Why being consistent matters!

It matters because…

Consistency can be boring, right? Why not shake it up a bit?  When you manage people being consistent, approaching things in a predictable way allows your people to focus on the task and achieving the results and not on figuring you out first.

Leaders who are consistent can be relied upon.  Leaders who are consistent can be trusted by being predictable.  Leaders who are consistent can be anticipated (and you can surprise them by anticipating what they want).  Leaders who are consistent inspire confidence. Working with a leader who can be relied on, trusted, anticipated and who inspires confidence is a treat.

Inconsistency

What does the other side look like? What’s it like working for a leader who is inconsistent?

When a leader isn’t consistent you can get lost.  You can get demoralized, demotivated, and end up feeling like you don’t really know what to do with a request from your manager.  You might feel unsure and might worry about your performance. You might feel uninspired. Worse, you might leave or just put your head down, disengage and do your work.

Sometimes a leaders temperament is inconsistent - hot one day, cold the next.  The impact on their people is that they end up “walking on eggshells” until they figure out who came to work today!  The people reporting to a leader like this end up riding that leader’s emotional roller coaster.

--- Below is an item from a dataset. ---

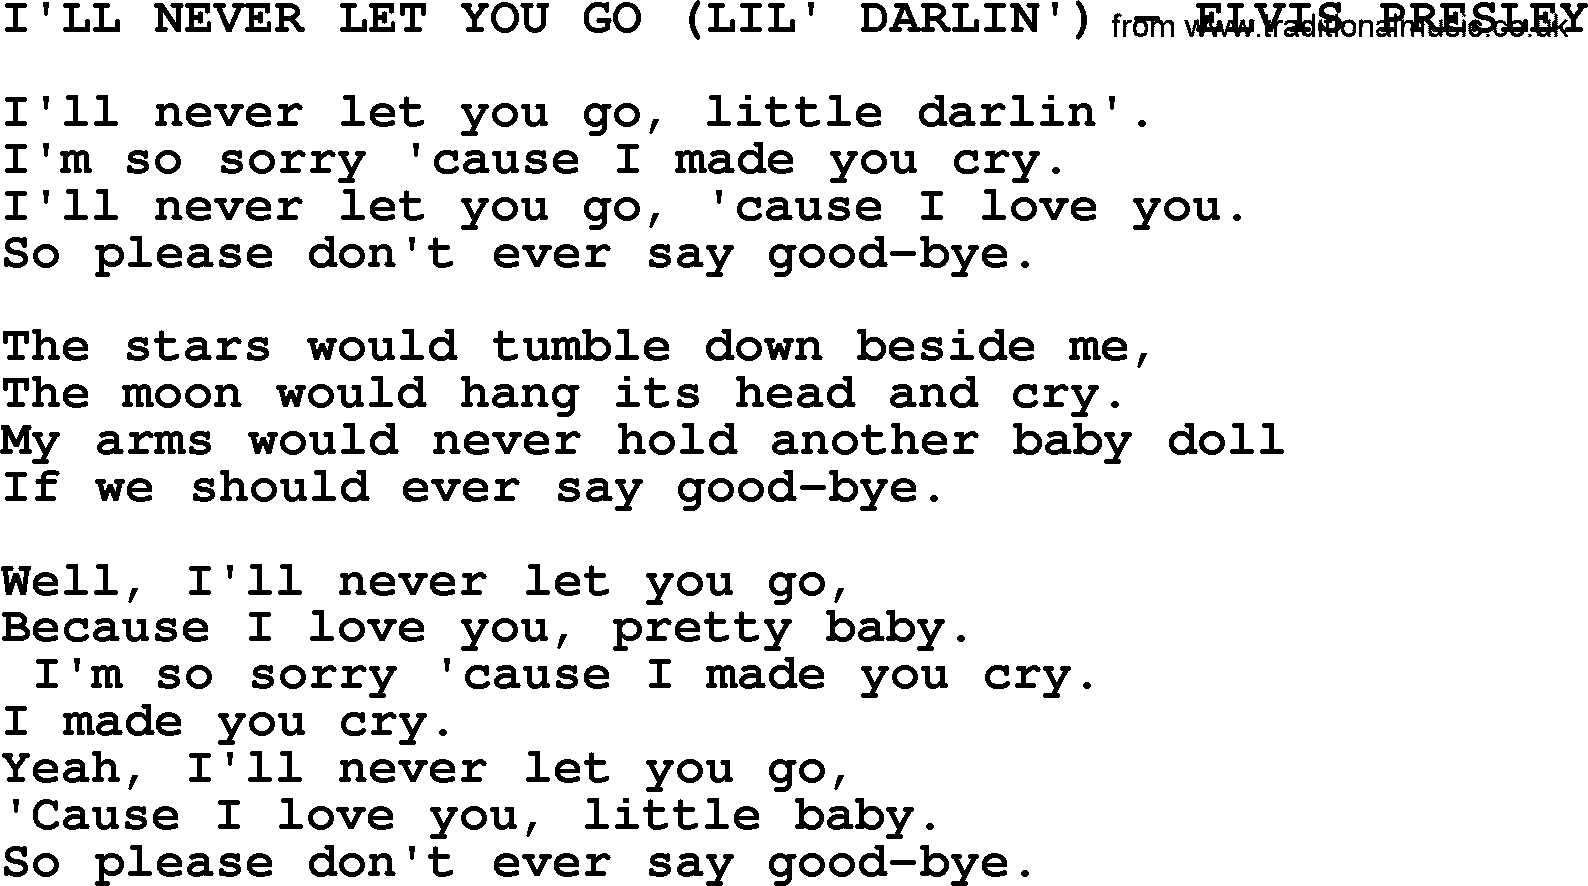 Elvis Presley song: I'll Never Let You Go (Lil' Darlin')-Elvis Presley-.txt lyrics and chords
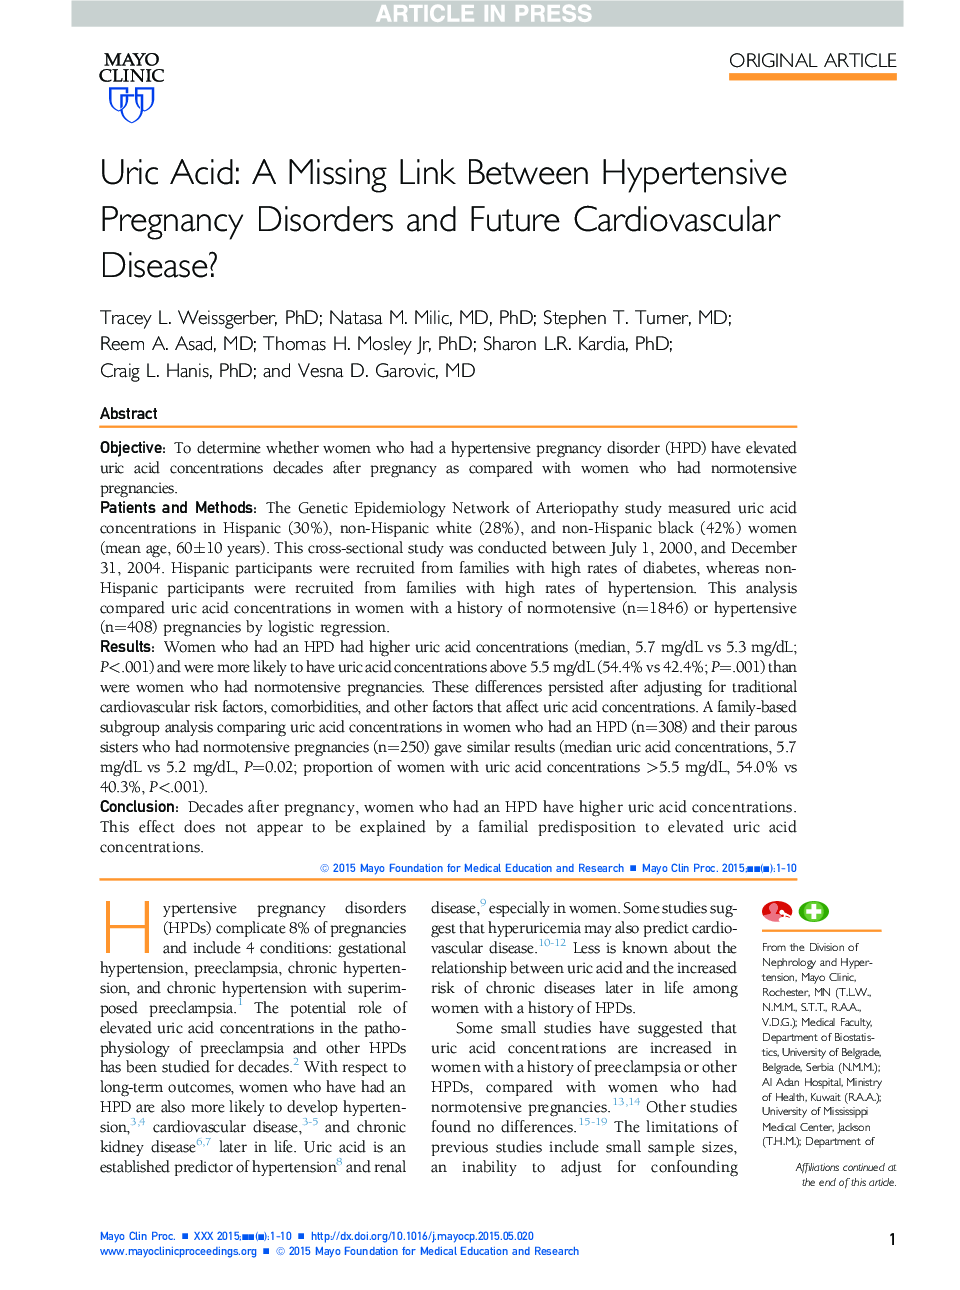 اسید اوریک: ارتباط نامشخص بین اختلالات بارداری با فشار خون بالا و بیماری قلبی عروقی آینده؟

What inconsistent looks like for me

Sometimes leaders communicate inconsistently. I know that for me, sometimes I am and have been thinking about something for a while and when I see the person I need to talk to, I walk  right up to them and start discussing all I’ve been thinking about, which puts the person in an awkward spot, they try to catch up, and if I’m not paying attention, they go away “wondering what the hell was that”?.  Conversely, most of the time, I set context, check for understanding and then ask for the effort to get the work done. My inconsistency in these cases actually make it harder for my people to do what I need them to do!  

Invitation

Leaders, I invite you to check your on own level of consistency.  What do you do most of the time? If most of the time is you, when you are “on your game”, what do you notice about when you aren’t quite on your game? Did you behave in and a manner inconsistent with yourself when you were on your game? How did that inconsistency affect your people?  How quickly were you able to come back? What impact did it have? Is that the impact you want to have?